■ **Assignment**
Leave every picture out, then reproduce the rest of the listing exactly.

====== Dataset section

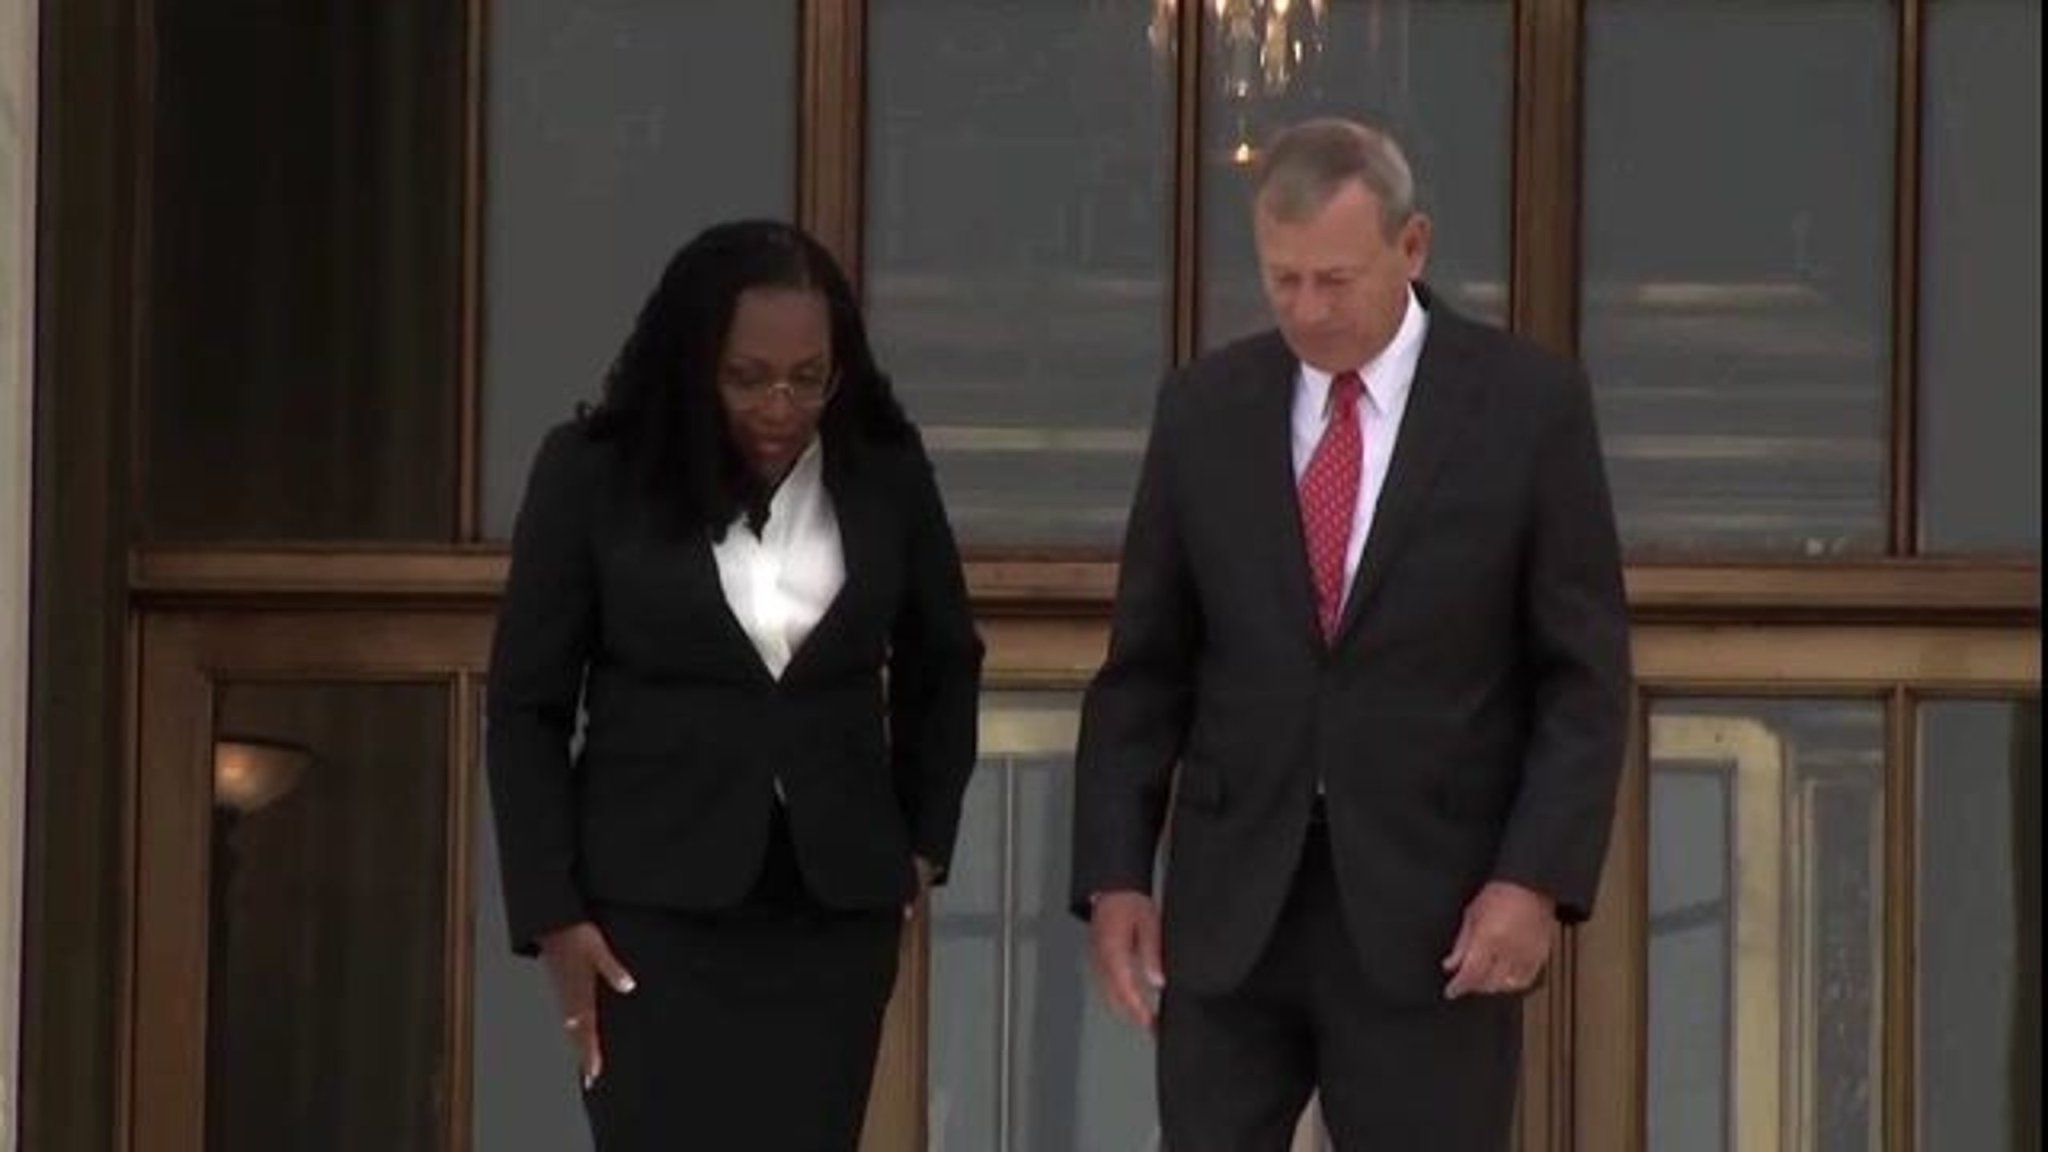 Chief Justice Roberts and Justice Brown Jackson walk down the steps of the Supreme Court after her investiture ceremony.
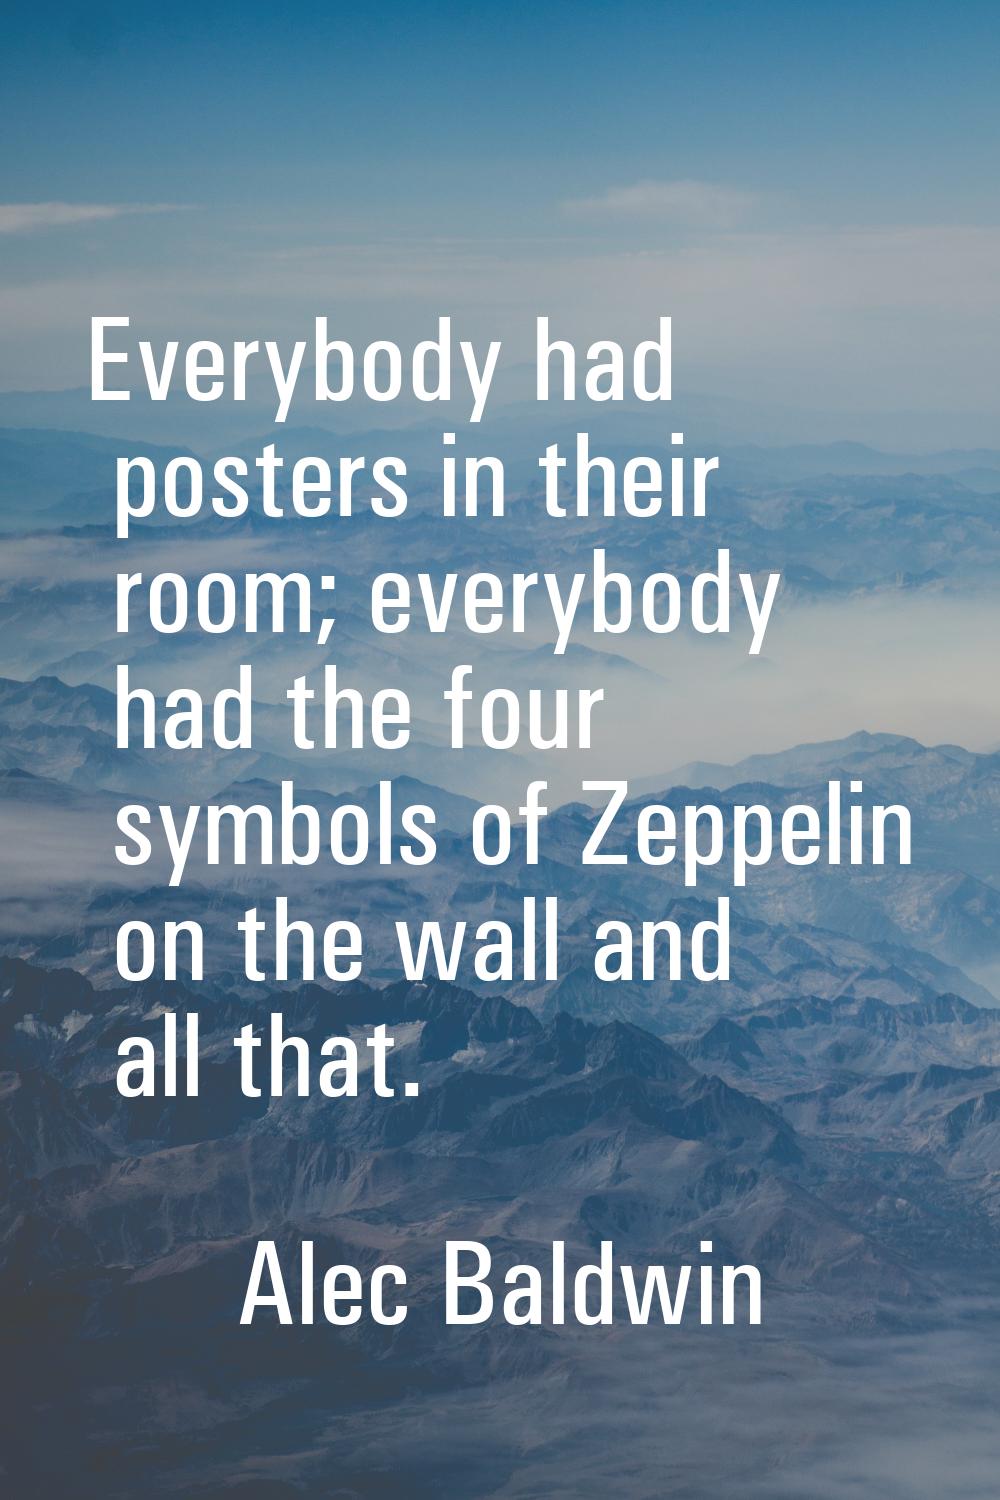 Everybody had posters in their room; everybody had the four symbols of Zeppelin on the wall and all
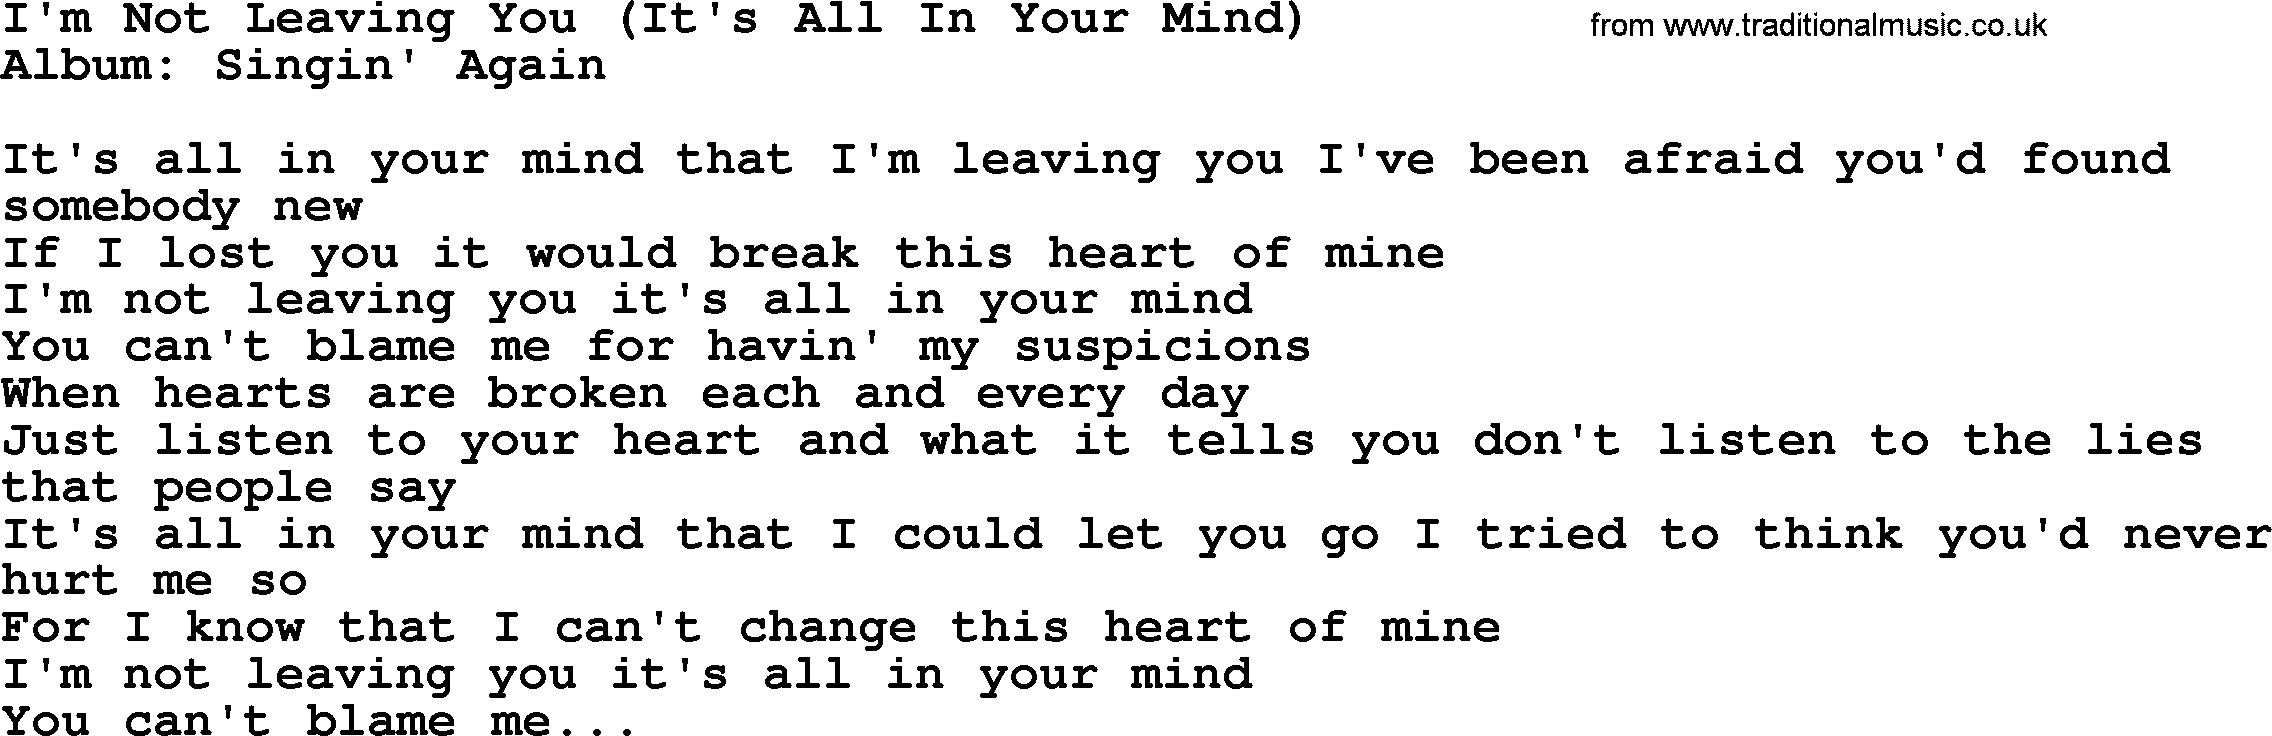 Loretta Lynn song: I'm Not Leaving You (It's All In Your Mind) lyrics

============

■ **Task output**
 Chief Justice Roberts and Justice Brown Jackson walk down the steps of the Supreme Court after her investiture ceremony.
 Everybody had posters in their room; everybody had the four symbols of Zeppelin on the wall and all
 Loretta Lynn song: I'm Not Leaving You (It's All In Your Mind) lyrics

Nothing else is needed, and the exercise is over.